Some of the materials most commonly used as adsorbents are silica gel, alumina and activated carbon. However, zeolites have been widely used to remove pollutants present in water by exhibiting a vast internal microporous surface in relation to the external one, and high adsorption capacity in addition to ion exchange properties (Li et al., 2015).
On the other hand, the application of chitosan, a polycationic polysaccharide, in water treatment has been exceptionally advantageous and constitutes an alternative to commonly used adsorbent materials (Kumar et al., 2018). Chitosan derives from chitin and is very easy to obtain since it mainly comes from the waste of the fishing industry (Kyzas and Bikiaris, 2015). It is remarkably versatile and can be modified in different ways or combined with other types of materials to increase its adsorption capacity. However, it is also susceptible to pH, has inadequate mechanical strength, and has low thermal stability (Lou and Deng, 2019). Chitosan-zeolite composites combine the physical properties of their components to obtain new structural or functional properties. In particular, zeolite improves the mechanical strength of the resulting material by becoming the dispersed phase within the chitosan polymeric matrix (Flores, 2015). This research project aims to evaluate, in kinetic terms, the performance of a chitosan-chabazite composite in removing the colorant Eriochrome Black T from water by using bench tests.
Materials and methods
Only analytical grade reagents and deionized water were used in the experiments conducted in this research.
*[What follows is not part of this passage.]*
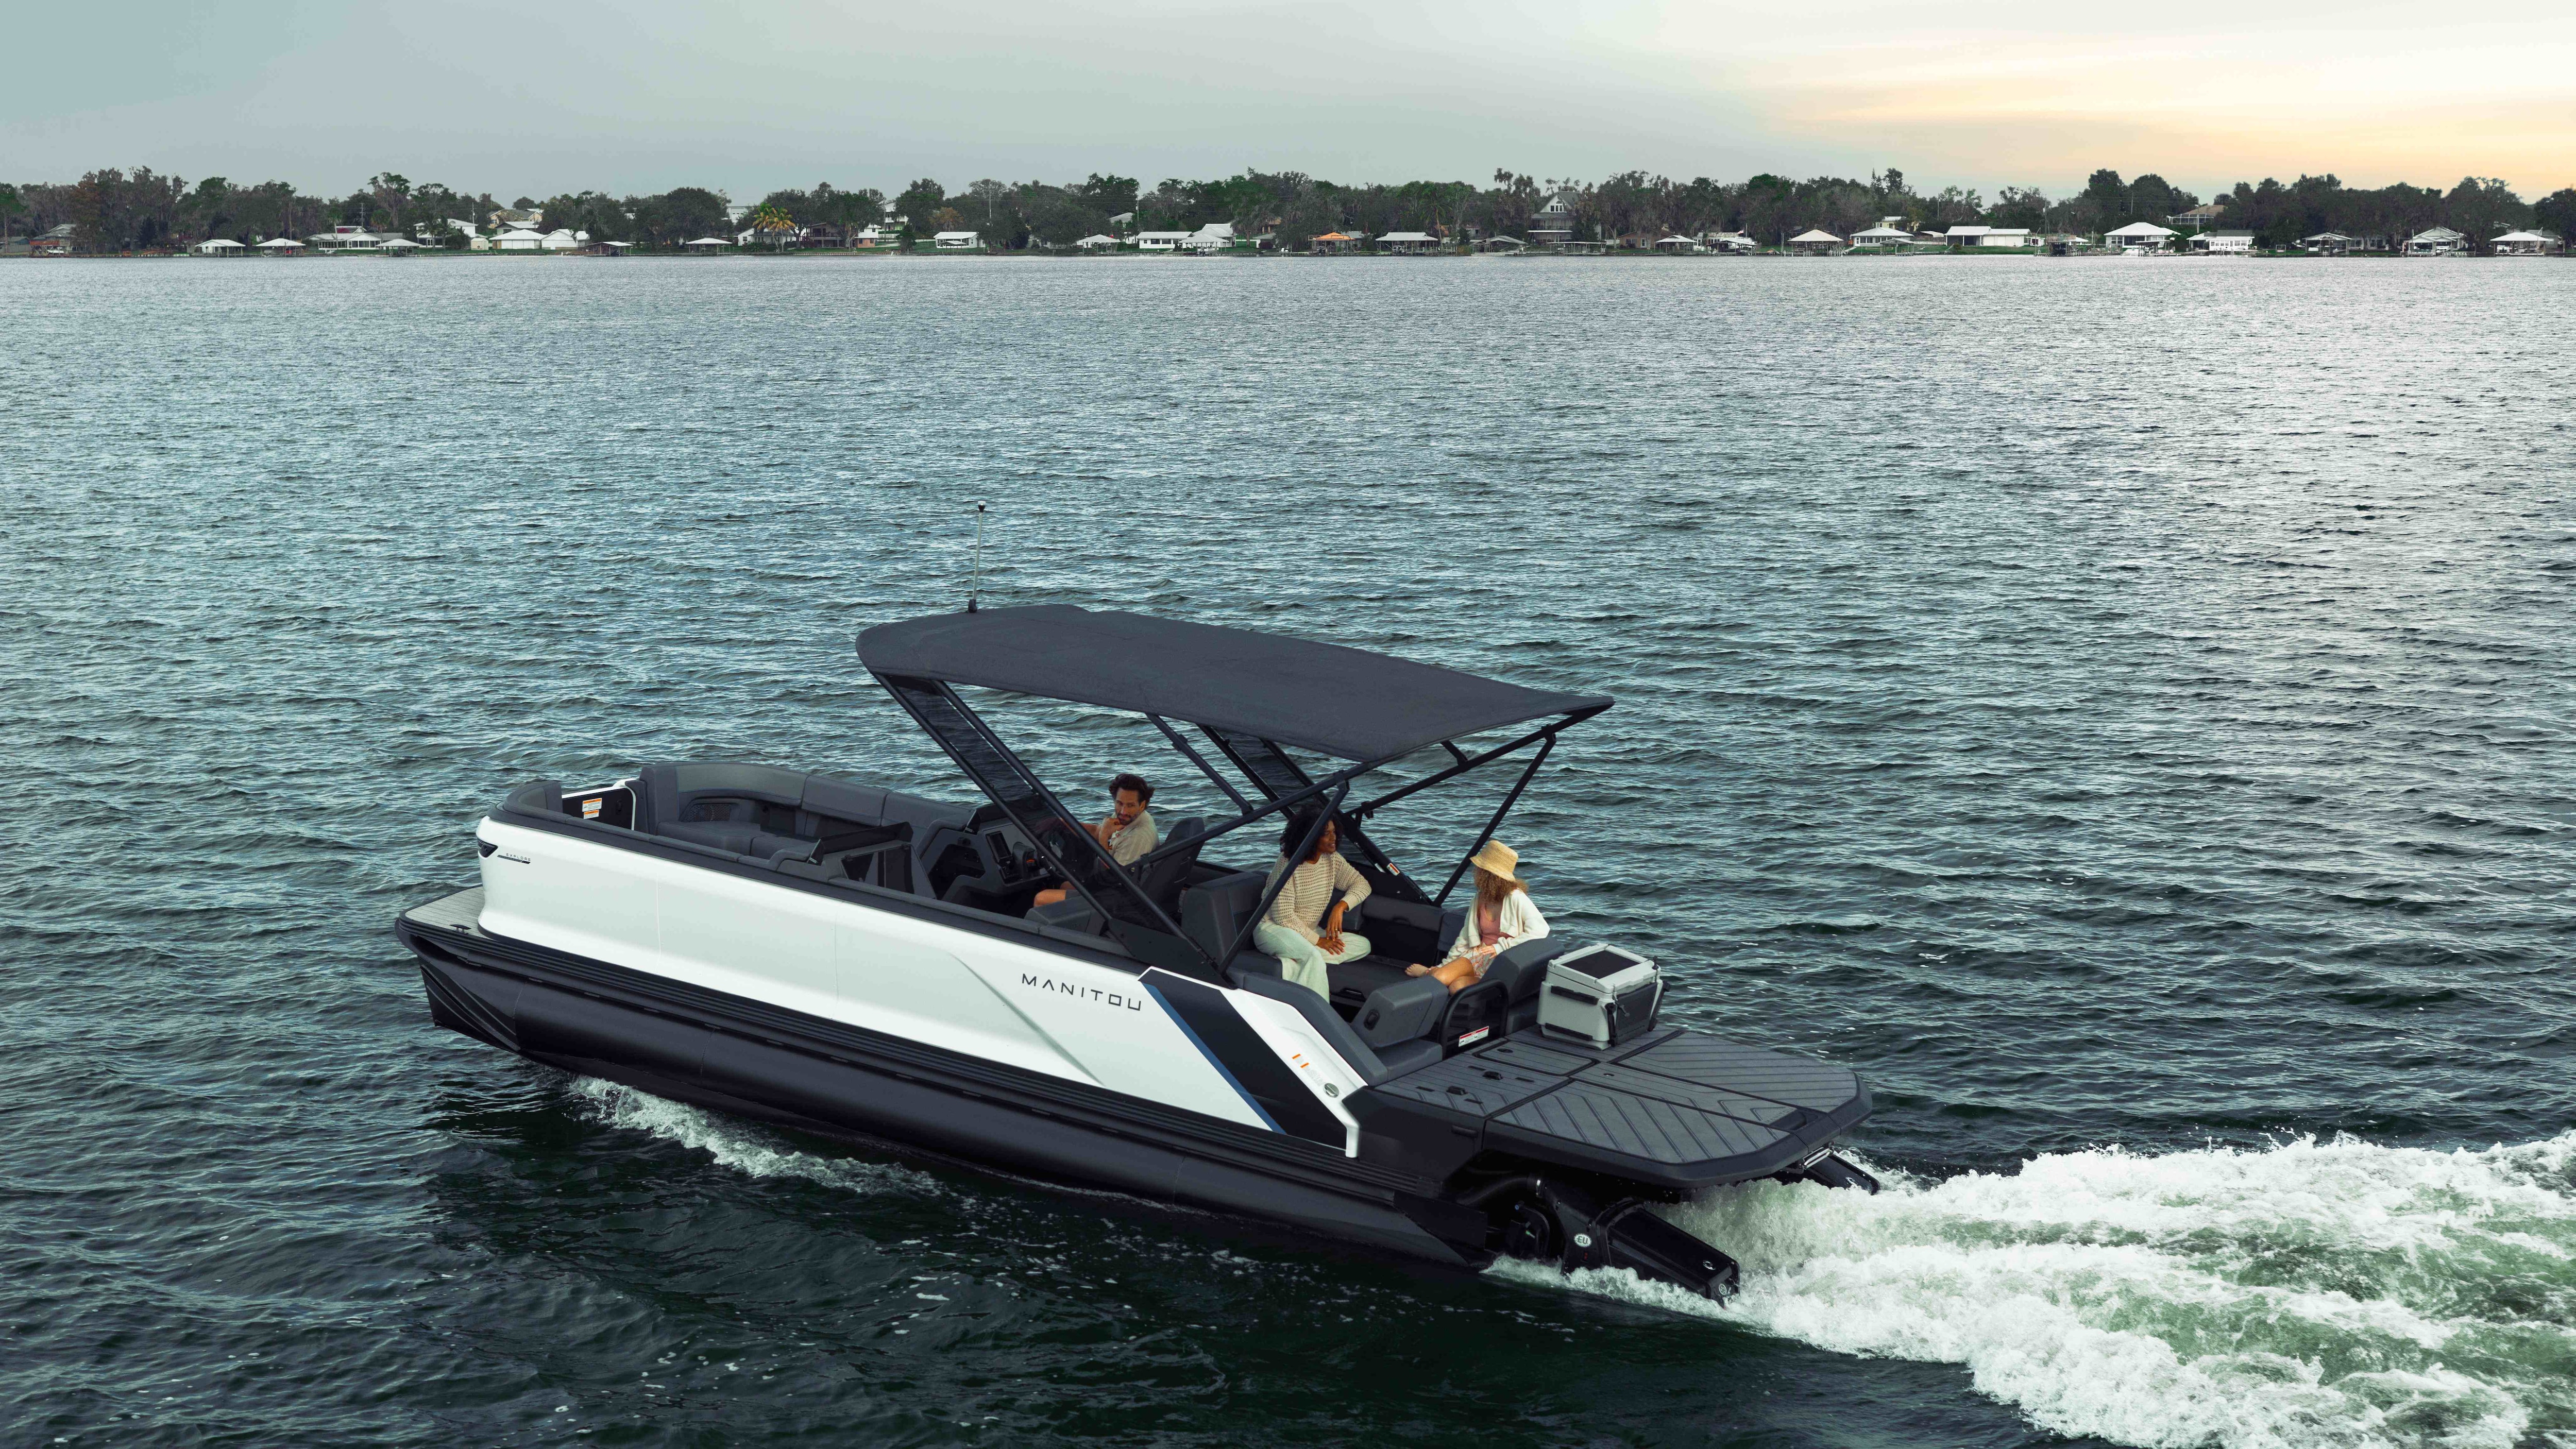 Boat of the Year in the Pontoon Category

Low molecular weight deacetylated chitosan, acetic acid, and sodium hydroxide were supplied by Sigma-Aldrich, Fermont and J.T. Baker, respectively. Chabazite type zeolite was obtained from a natural deposit located in the state of Sonora, Mexico. Indicator grade Eriochrome Black T (EBT) colorant from Sigma-Aldrich was used to prepare a 50 ppm stock solution with deionized water. 0.25 M sodium hydroxide and 5% (v/v) acetic acid solutions were used to produce the composite material.
Preparation of chabazite
A sample of chabazite was ground using a hand mortar and then sifted to obtain 100-mesh size particles. Subsequently, the mineral was rinsed twice in a beaker with deionized water, each episode with a duration of 10 min during which shaking was provided. Afterwards, the mixture was let standing still to allow the settling of chabazite particles so that decantation could be used to separate them. Chabazite sample was then dried for 24 h at 60 ºC and a product in the form of flakes was finally obtained. Chabazite was ground once more with a hand mortar as to obtain a fine powder.
Preparation of composite
Composite was prepared using the technique described by Perez et al. (2016) . The procedure involves the dissolution of 3 g of chitosan in 50 mL of a 5% (v/v) acetic solution to obtain a chitosan solution. Separately, 3 g of chabazite were mixed with 20 ml of deionized water. Both mixtures were stirred separately for 20 min and then mixed. The resulting mixture was agitated at 60 ºC for 4 hours using a magnetic bar spinning at 1,200 rpm. After stirring, the chitosan and chabazite mixture was added drop by drop to 500 mL of 0.25 M NaOH solution. This mixture was stirred for 3 hours using a magnetic bar spinning at 200 rpm while solid beads of composite formed within the mixture. Beads were separated by filtration from the liquid phase and rinsed several times with deionized water to be finally dried at 45°C for 48 hours.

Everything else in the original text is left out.